Though he dubbed it "a very difficult call," O'Neill often seemed skeptical of the defense's claims. "I guess I'm trying to understand your perspective on how due process was violated," he said to Tayback at one point.

Cosby, who turns 79 next week, appeared frail as he walked through the courtroom, holding an aide's arm and carrying a wooden cane.

Many of his accusers see the Constand case as a rare opportunity for justice because the statute of limitations in many of the other incidents have run out.

The proceedings Thursday also involved deposition testimony from a 2005 civil suit that the prosecution used to help make its preliminary-hearing case _ and which the defense said it will try to suppress at trial.

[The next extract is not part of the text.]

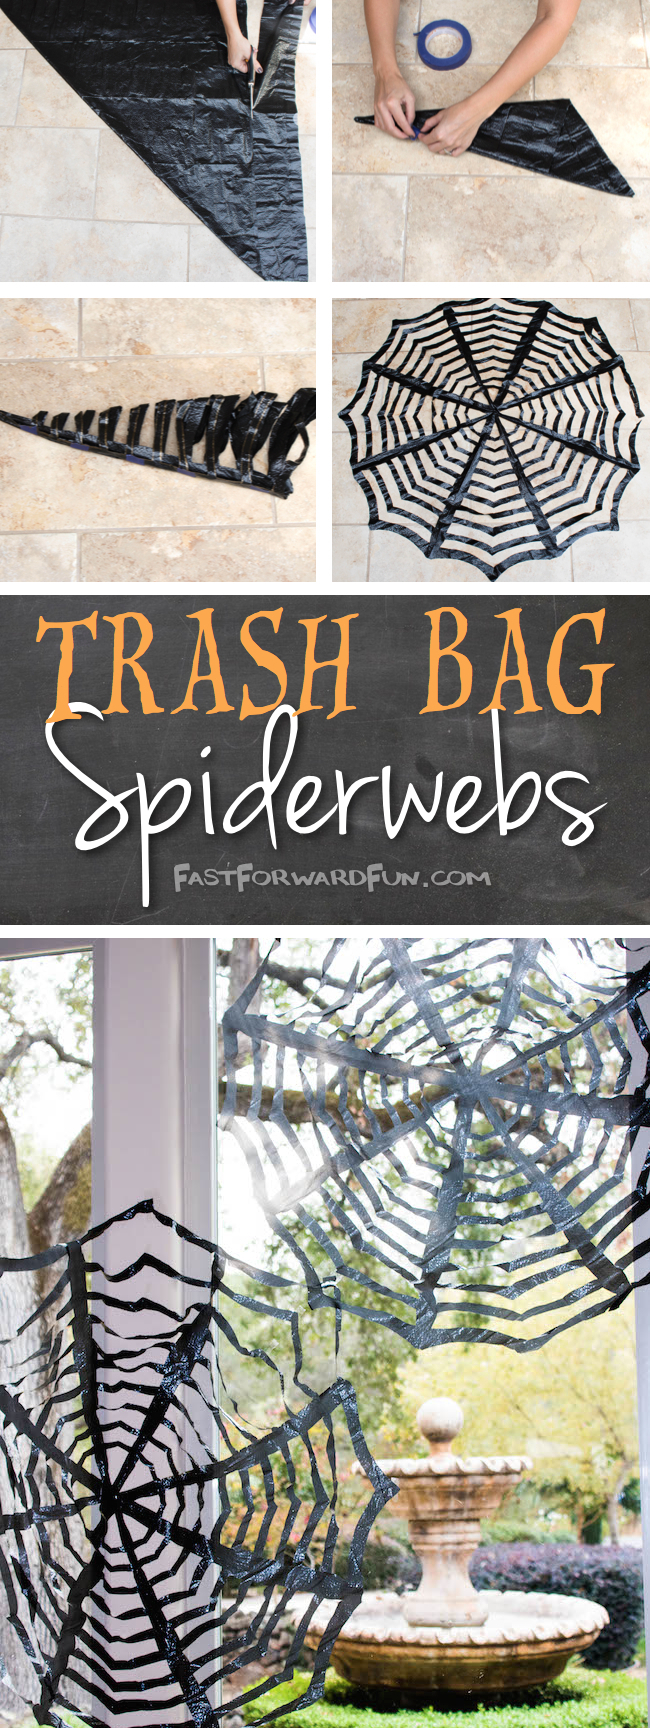 Easy DIY Trashbag Spiderweb Tutorial -- Fun video and lots of step-by-step photos! Perfect for Halloween.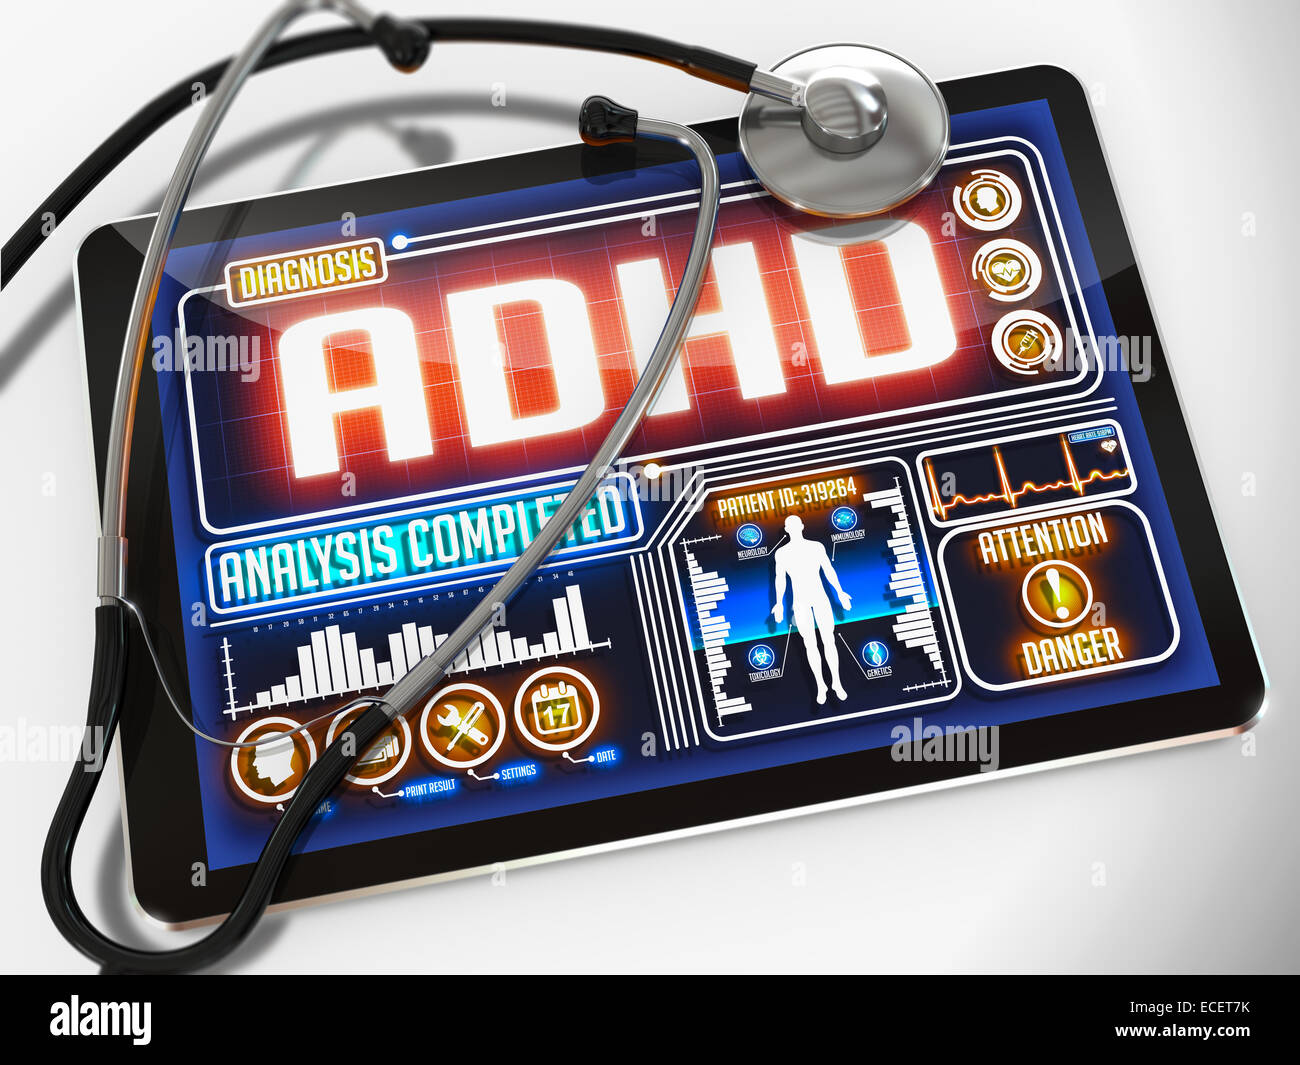 ADHD on the Display of Medical Tablet. Stock Photo

The details, some of them graphic, help address the key question of whether Constand was sufficiently aware of her circumstances to provide consent.

O'Neill has been chosen to preside over the trial. But other motions could delay that process.

After the ruling, Cosby's lead counsel, Brian McMonagle, told reporters that he planned to appeal the decision to Pennsylvania's highest court.

Steele said defense attorneys already had delayed the trial for too long: "They're saying they want to confront the witness. Let's go to trial and confront the witness."